So sorry to hear about this. Thoughts are with you Cat. Thank you for sharing your home via parties and giving me the opportunity to attend my first bbw/fa related event. Forever grateful to Dave and yourself.


----------



## CAMellie (Sep 18, 2014)

Cat,

I'm so very sorry for your losses! I rarely peruse the boards anymore and just now came across this post. As you know, I lost a husband and my mother, too. My only advice to you is this...grieve. Take as long as you need and don't let anyone tell you you're grieving "wrong". 

HUGE HUGS!
Mellie


----------



## Redhotphatgirl (Sep 19, 2014)

JMCGB said:


> So sorry to hear about this. Thoughts are with you Cat. Thank you for sharing your home via parties and giving me the opportunity to attend my first bbw/fa related event. Forever grateful to Dave and yourself.



YOU ARE MOST WELCOME thank you


----------



## Redhotphatgirl (Sep 19, 2014)

CAMellie said:


> Cat,
> 
> I'm so very sorry for your losses!

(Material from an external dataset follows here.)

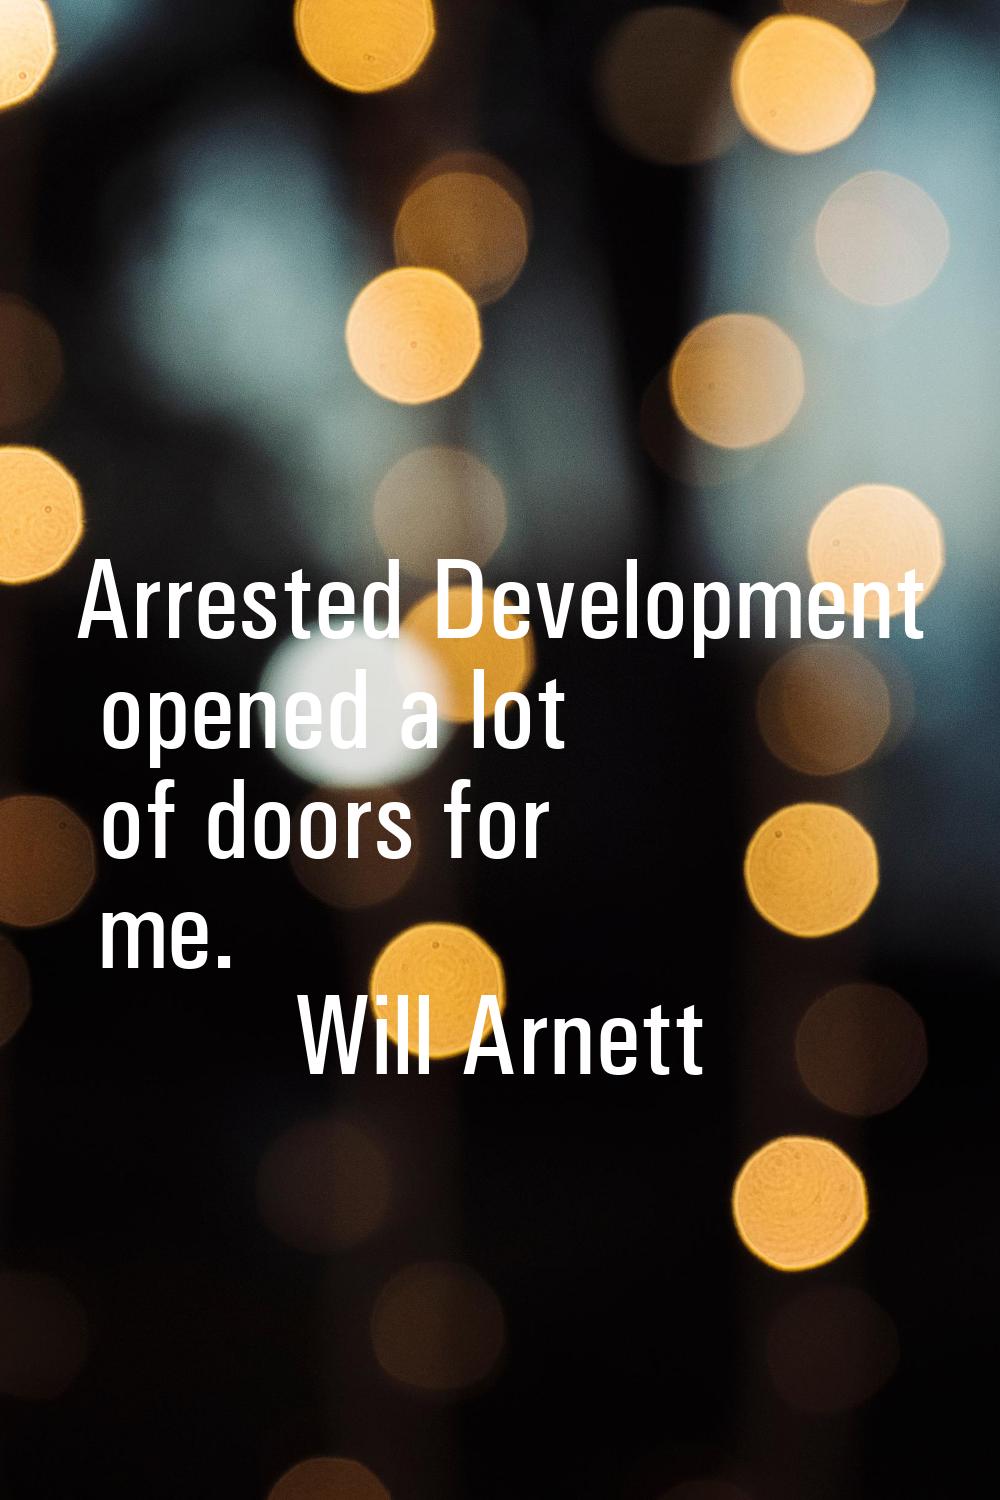 Arrested Development opened a lot of doors for me.
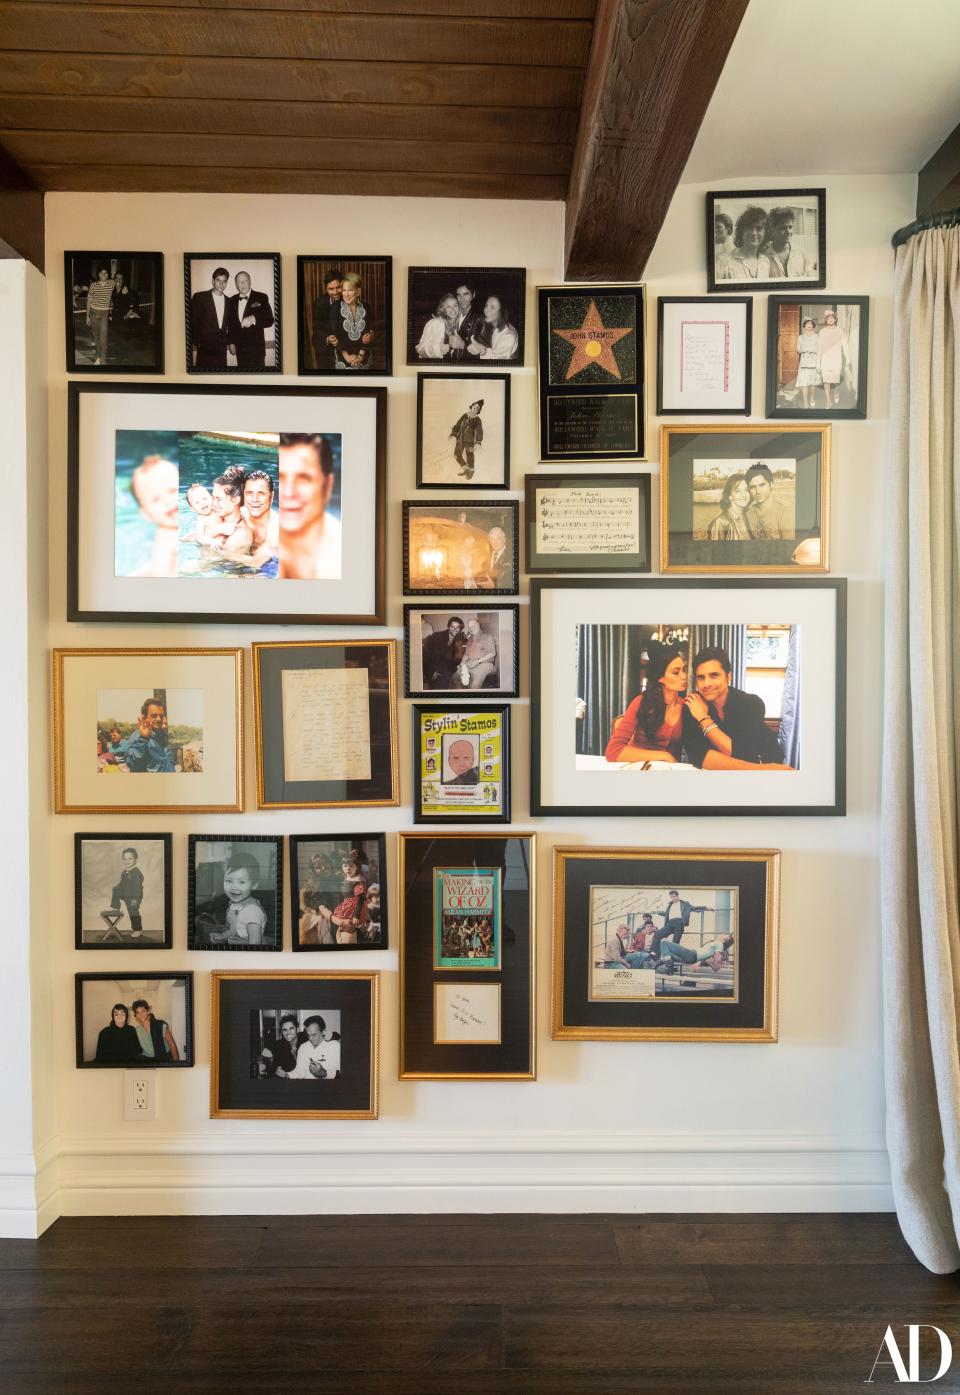 The dining room features a spread of pictures and other personal items, including framed letters from Stamos’s late parents and notes from celebrities and friends. Stamos shares: “Grease is one of my favorite movies, and I had John Travolta sign a picture after I told him he was my inspiration for becoming an actor. So he wrote, ‘I’m proud to be your inspiration.’”

I rarely peruse the boards anymore and just now came across this post. As you know, I lost a husband and my mother, too. My only advice to you is this...grieve. Take as long as you need and don't let anyone tell you you're grieving "wrong".
> 
> ...



i am trying to get on but it is hard


----------



## CAMellie (Sep 19, 2014)

Redhotphatgirl said:


> i am trying to get on but it is hard



Unfortunately, it will always be hard. I've made a new life for myself but there isn't a single day that goes by where I don't think about them. Remember to take care of yourself.


----------



## Redhotphatgirl (Sep 26, 2014)

CAMellie said:


> Unfortunately, it will always be hard. I've made a new life for myself but there isn't a single day that goes by where I don't think about them. Remember to take care of yourself.



i have always loved you girl thanks for caring


----------